17. The method according to claim 16, further comprising
repeating the step of processing a biological sample from the individual with another biological sample from the individual acquired at point time after the initial biological sample is acquired;
repeating the steps of storing the biomarker measurement data for the another biological sample, executing the defined sequence with the processor of the electronic device for the subset of the plurality of biomarkers using the biomarker measurement data for the another biological sample to generate a new set of health statuses of the individual and generating with the processor of the electronic device another predicted health status in dependence upon the new set of health statuses of the individual;
generating with the processor of the electronic device at least one of one or more new health recommendations and a variation to a health recommendation of the one or more health recommendations where the at least one of is established in dependence upon a calculated change in the magnitude of the calculated difference of at least one of the predicted health status for the individual and a subset of the set of health statuses of the individual established by the processor of the electronic device; and
transmitting the at least one of to the further electronic device via the communications network and rendering to the individual the at least one of upon the display of the further electronic device.
18. The method according to claim 16, wherein
each health recommendation of the one or more health recommendations is further established in dependence upon a validation of the health recommendation of the one or more health recommendations with respect to at least one of the disease and the health condition; and
the validation of the health recommendation of the one or more health recommendations is established with a further processor of a further electronic device which executes another process comprising:
retrieving from another online database of published research data accessible to the further processor of the further electronic a published research article comprising a plurality of other measurements relating to a set of human subjects where each other measurement of the plurality of other measurements relates to a human subject of the set of human subjects that either has at least one of the disease and the health condition or a likelihood of developing the at least one of the disease and the health condition and has been exposed to the health recommendation of the one or more health recommendations;
executing a multivariate regression analysis on the plurality of other measurements to establish an additional confidence score relating to a measure of confidence that the health recommendation of the one or more health recommendations can be validated as effective for at least one of the disease and the health condition; and
storing the additional confidence score within a further memory accessible to the processor of the electronic device.

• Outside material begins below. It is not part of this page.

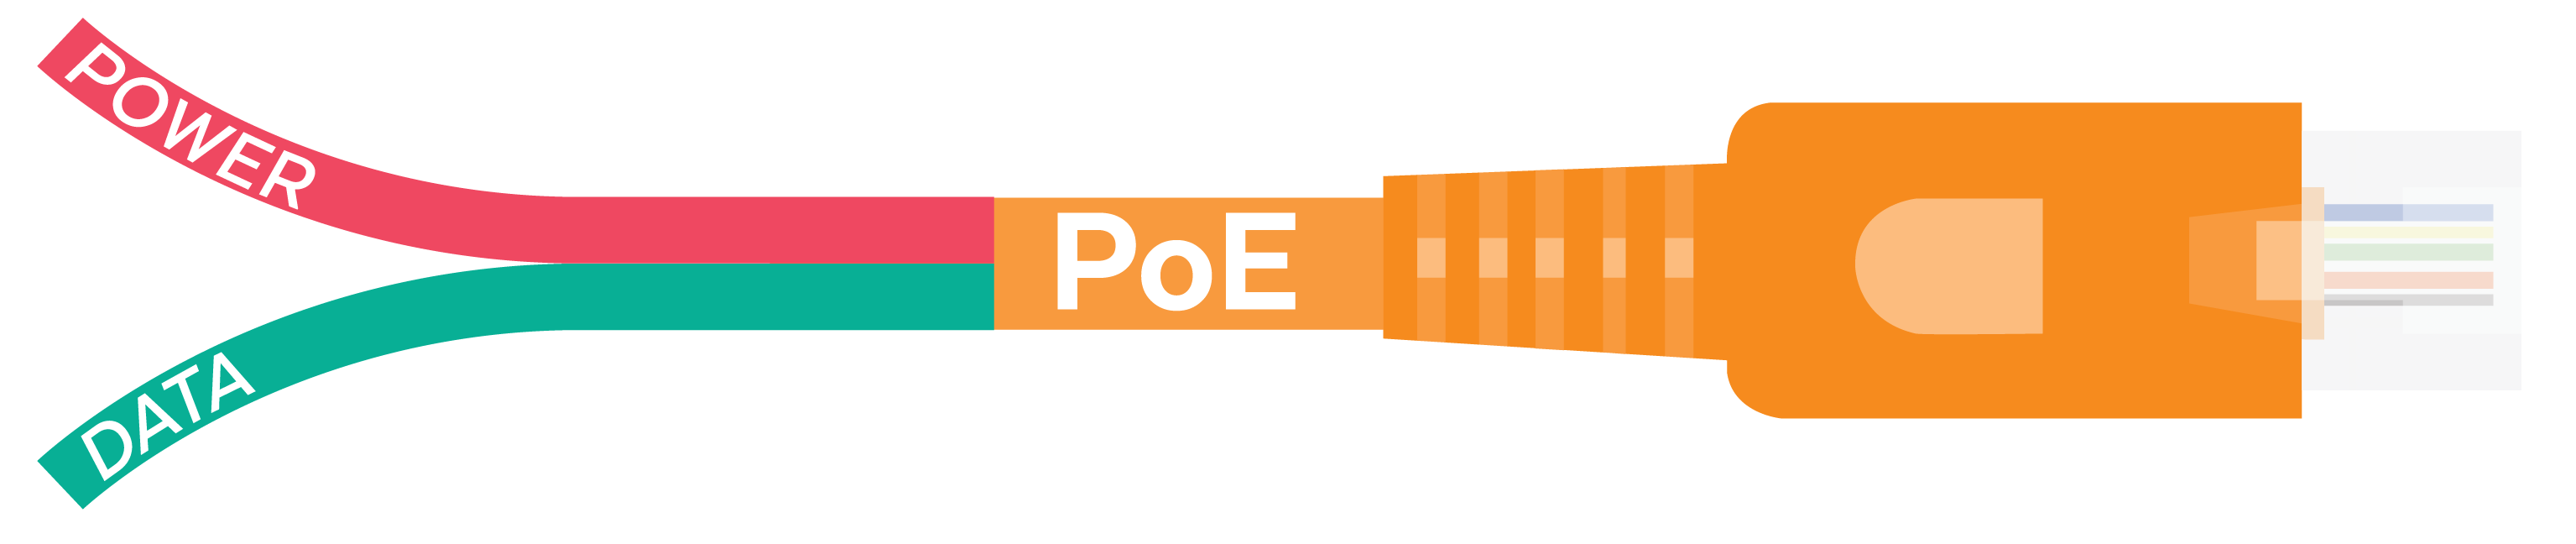 PoE Cable

19. The method according to claim 1, wherein
a number of biomarkers within the plurality of biomarkers is at least 100.
20. The method according to claim 1, further comprising
determining with the processor of the electronic device one or more thresholds, each threshold of the one or more threshold relating to a different biological pathway within a human body associated with development of at least one of another disease and another health condition by analyzing the biomarker measurement data for a plurality of biomarkers for a number of individuals of which the individual is one upon a determination that each individual within the number of individuals has at least one of the another disease and the another health condition.